L’Inferno è la prima delle tre Cantiche che compongono l’Opera Magna di Dante Alighieri. Dante ha iniziato il suo viaggio, e quello dell’anima di tutti gli uomini, trovandosi nella selva oscura nella notte del 7 aprile, giovedì santo, e l’alba dell’8 aprile, il venerdì santo, dell’anno 1300. Nel ventiseiesimo canto dell’Inferno siamo a mezzogiorno del sabato 9 aprile. Dante e Virgilio si trovano nell’ottava bolgia, in cui sono puniti i consiglieri fraudolenti, cioè coloro che hanno consigliato di ingannare: la loro punizione è di essere bruciati in una fiamma eterna, divampando come la loro lingua fece in vita. 

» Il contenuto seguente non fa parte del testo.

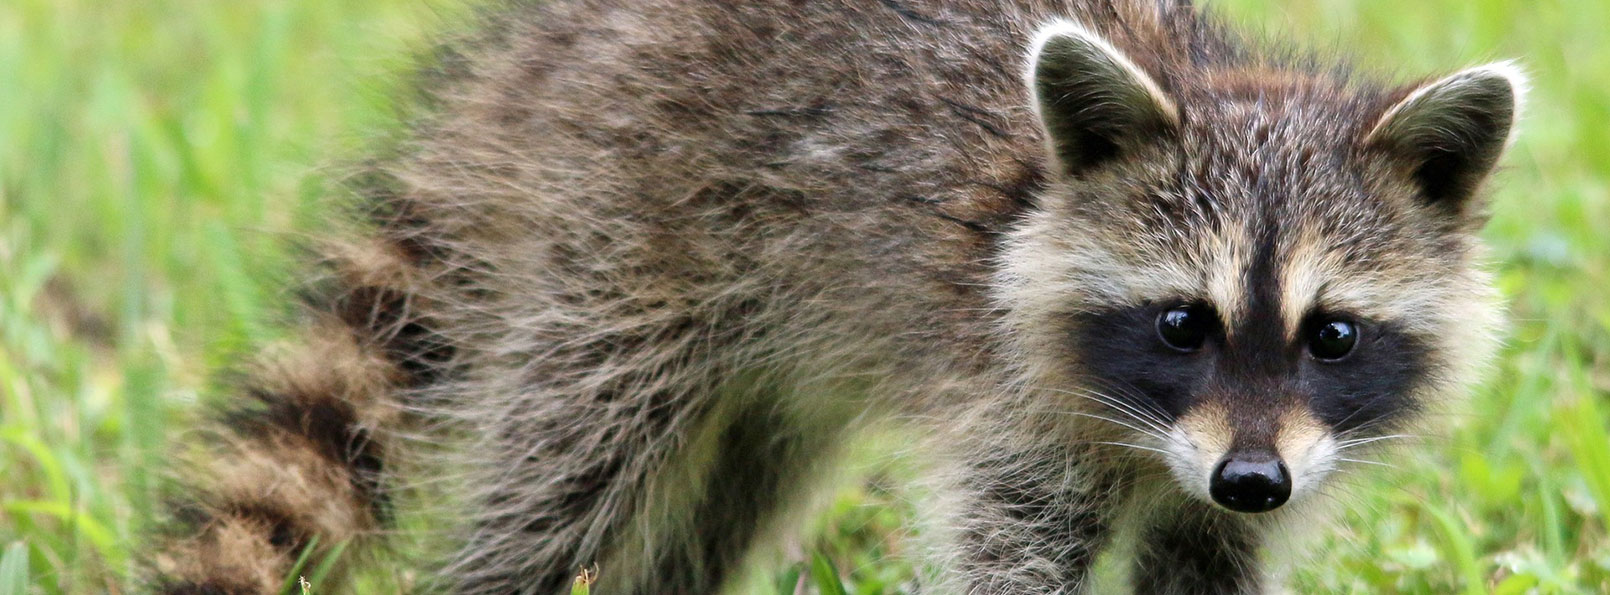 Nearly 100 juvenile raccoons seized in Kawartha Lakes, Ontario

Dante apre il canto con un’invettiva contro Firenze, in quanto i suoi cittadini sono conosciuti per tutto l’Inferno (vv. 1-6): 

“Godi, Fiorenza, poi che se’ sì grande

che per mare e per terra batti l’ali,

e per lo ‘nferno tuo nome si spande!

Tra li ladron trovai cinque cotali

tuoi cittadini onde mi ven vergogna,

e tu in grande orranza non ne sali.”

Dante per spiegare al lettore come fosse la visione di quella bolgia con le anime dentro le fiamme, espone una lunga e dettagliata similitudine: come il contadino, che verso sera in estate, lasciato il suo campo si riposa su una collina e vede le lucciole pulsare là dove egli ha arato e vendemmiato, allo stesso modo Dante dall’alto della roccia vede le fiamme nel cerchio infernale. C’è una fiamma in particolare che coglie l’attenzione di Dante: infatti questa sulla punta è biforcuta, poiché al suo interno si trovano due dannati (vv. 52-54):

 

«chi è ’n quel foco che vien sì diviso

di sopra, che par surger de la pira

dov’Eteòcle col fratel fu miso?”.

Per spiegare la fiamma “cornuta” Dante pone al lettore il mito di Eteocle e Polinice, figli di Edipo e di Giocasta, che dovevano, secondo i patti, governare Tebe un anno ciascuno; ma come accade a chi è attaccato al potere Eteocle non rispettò le regole, per cui il fratello marciò contro la città con un esercito a lui fedele, ma nella lotta trovarono insieme la morte; posti sulla pira, il fuoco si divise come se l’odio durasse oltre la vita. Proprio il Maestro Virgilio rivela a Dante chi sono i due dannati costretti in quella fiamma: si tratta degli eroi greci Ulisse e Diomede. Dante, al sentire di chi si trattasse, e notando che un corno era maggiore dell’altro (Ulisse si trovava nella fiamma più grande di Diomede), è entusiasta e timoroso allo stesso tempo. Ha ansia di poter parlare con il famoso e affascinante guerriero, l’uomo dalle mille astuzie. Le preghiere di Dante sono così sincere che Virgilio acconsente a parlare con Ulisse, per conoscere la storia vera seguita al ritorno in Itaca, ma il poeta latino frena la trepidazione del discepolo (vv. 73-75):

 

“Lascia parlare a me, ch’i’ ho concetto/ ciò che tu vuoi; ch’ei sarebbero schivi,/ perché fur greci, forse del tuo detto”.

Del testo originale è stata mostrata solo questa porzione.